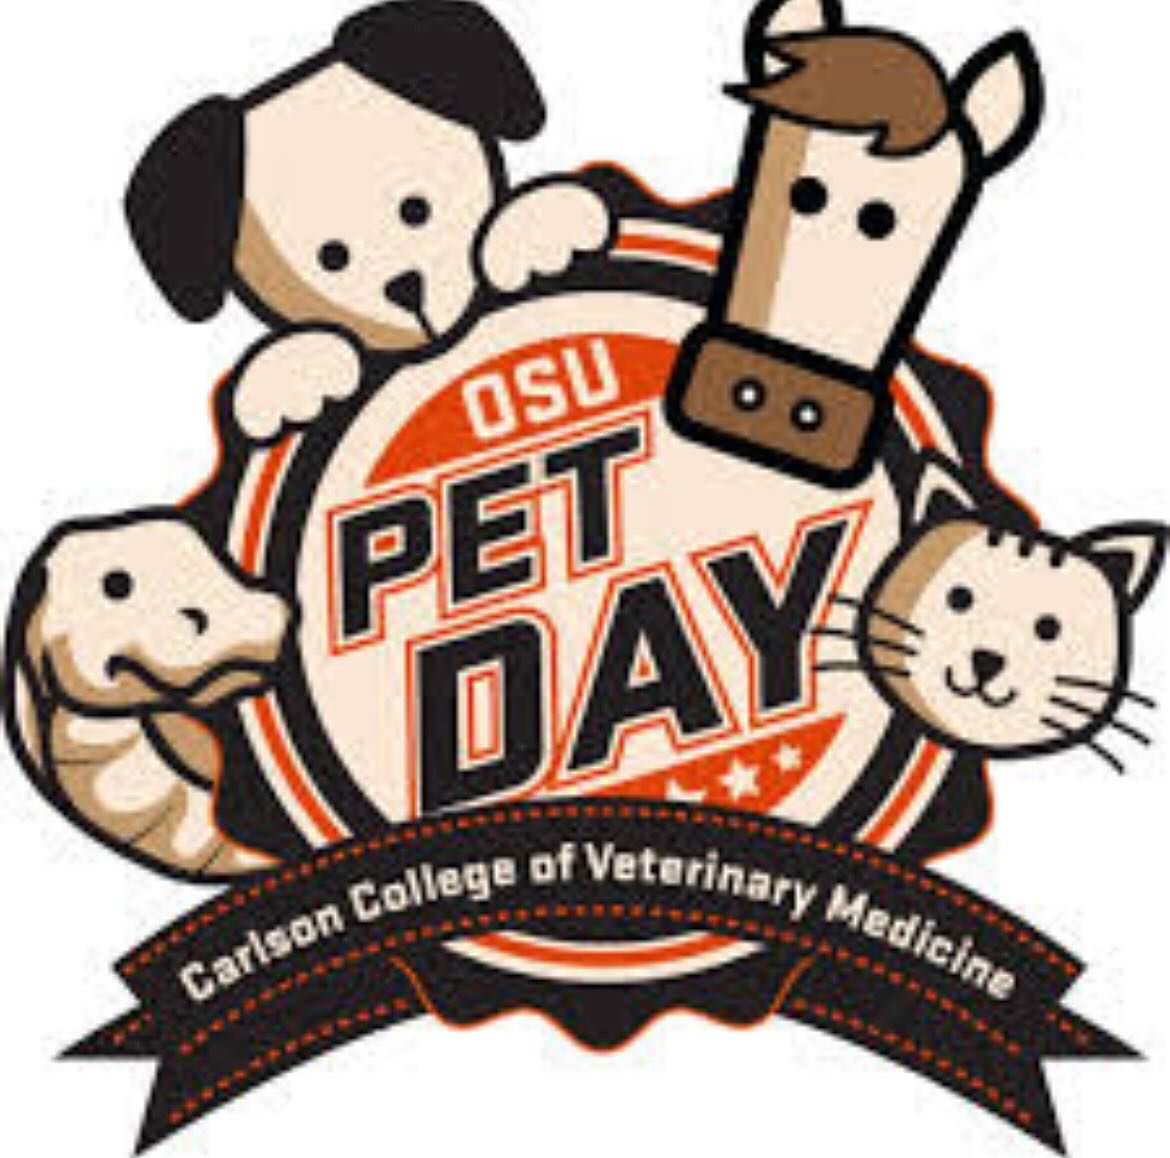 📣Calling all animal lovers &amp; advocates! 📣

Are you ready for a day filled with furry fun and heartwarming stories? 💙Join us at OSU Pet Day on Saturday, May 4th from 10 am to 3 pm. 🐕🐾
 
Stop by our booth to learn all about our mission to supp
--
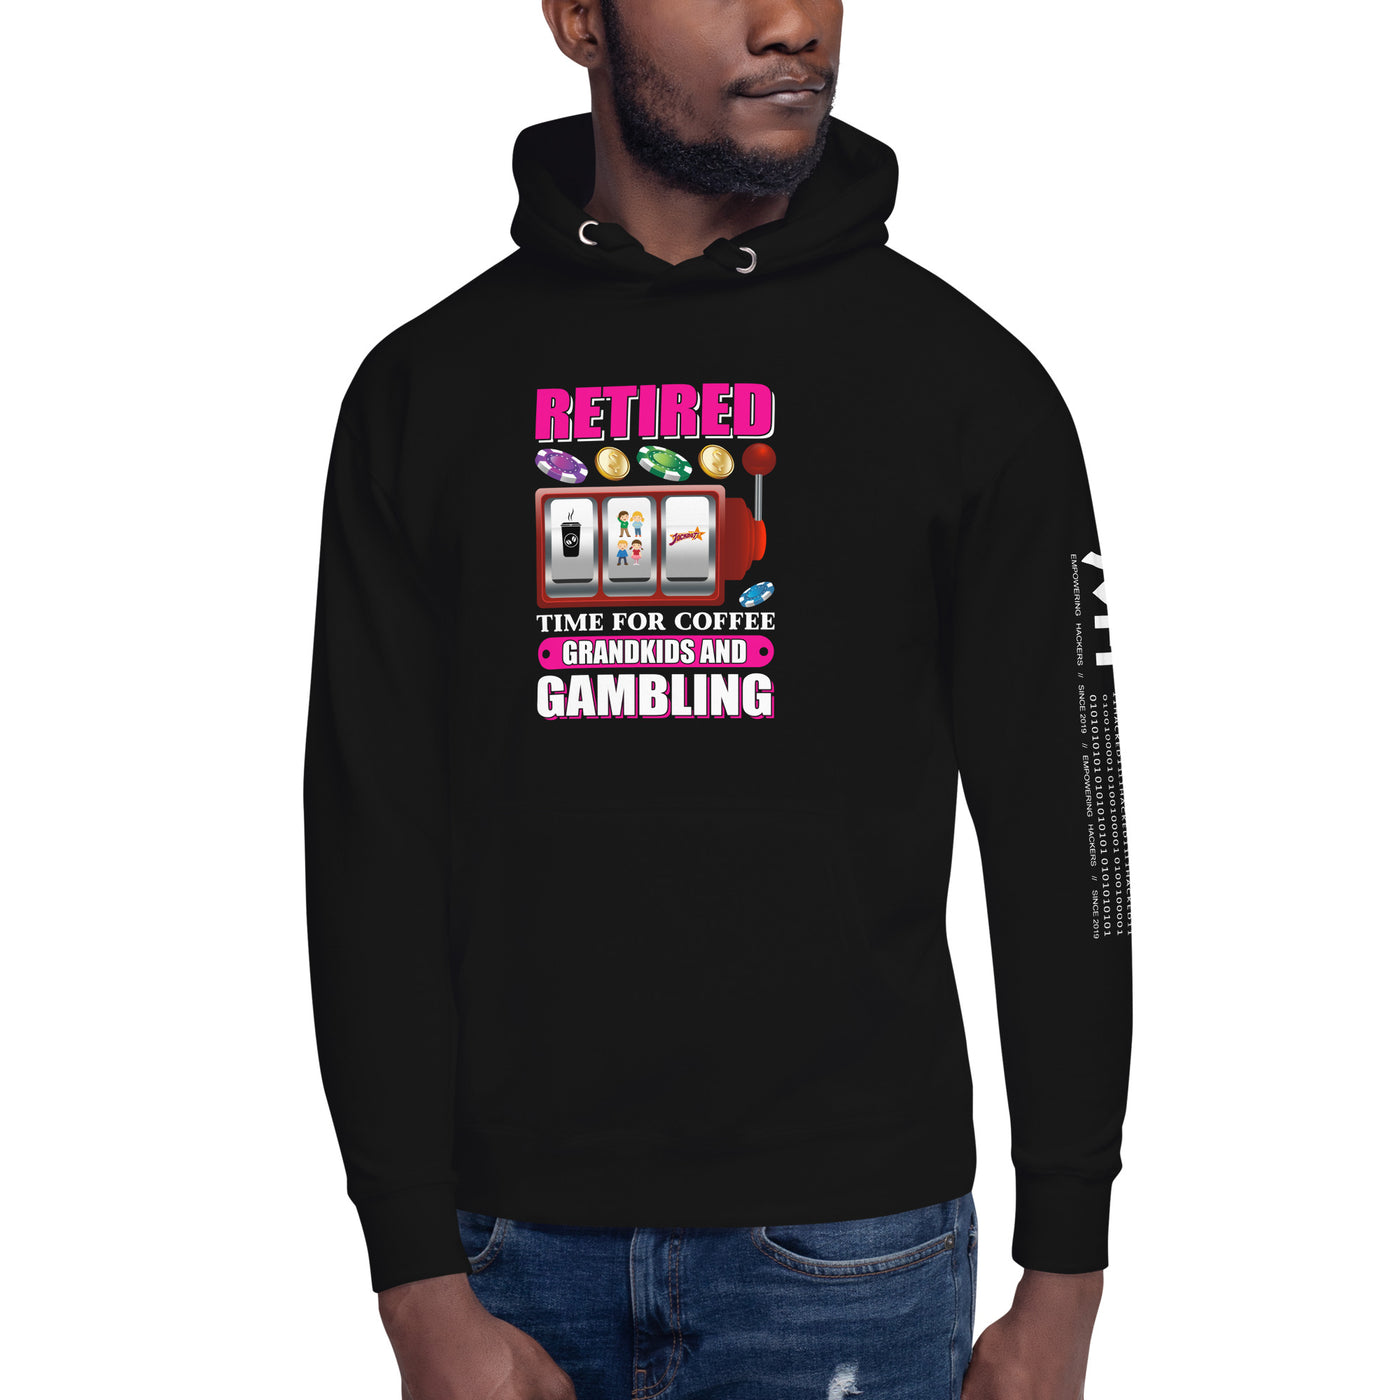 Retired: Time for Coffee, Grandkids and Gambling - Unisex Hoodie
--
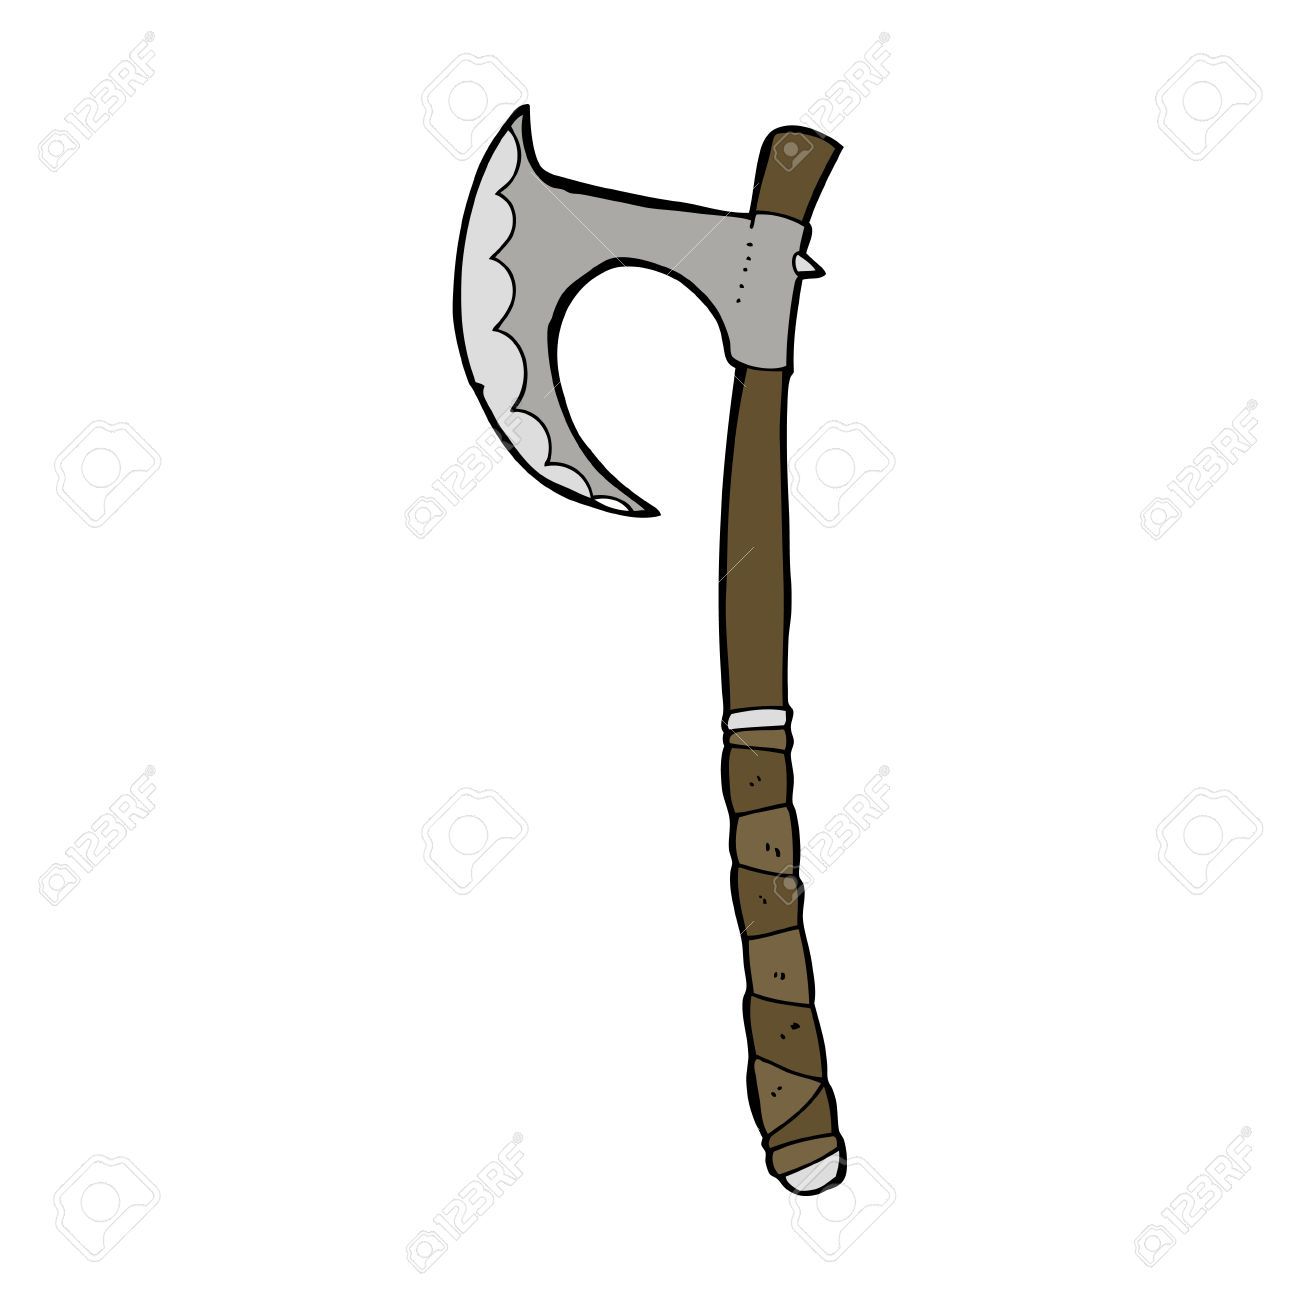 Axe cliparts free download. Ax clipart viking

Assignment ▸ Begin with the line above that has "Are you ready" and continue through the line that has "Stop by our", setting each one down exactly. Stop there.

Response box ▸
Are you ready for a day filled with furry fun and heartwarming stories? 💙Join us at OSU Pet Day on Saturday, May 4th from 10 am to 3 pm. 🐕🐾
 
Stop by our booth to learn all about our mission to supp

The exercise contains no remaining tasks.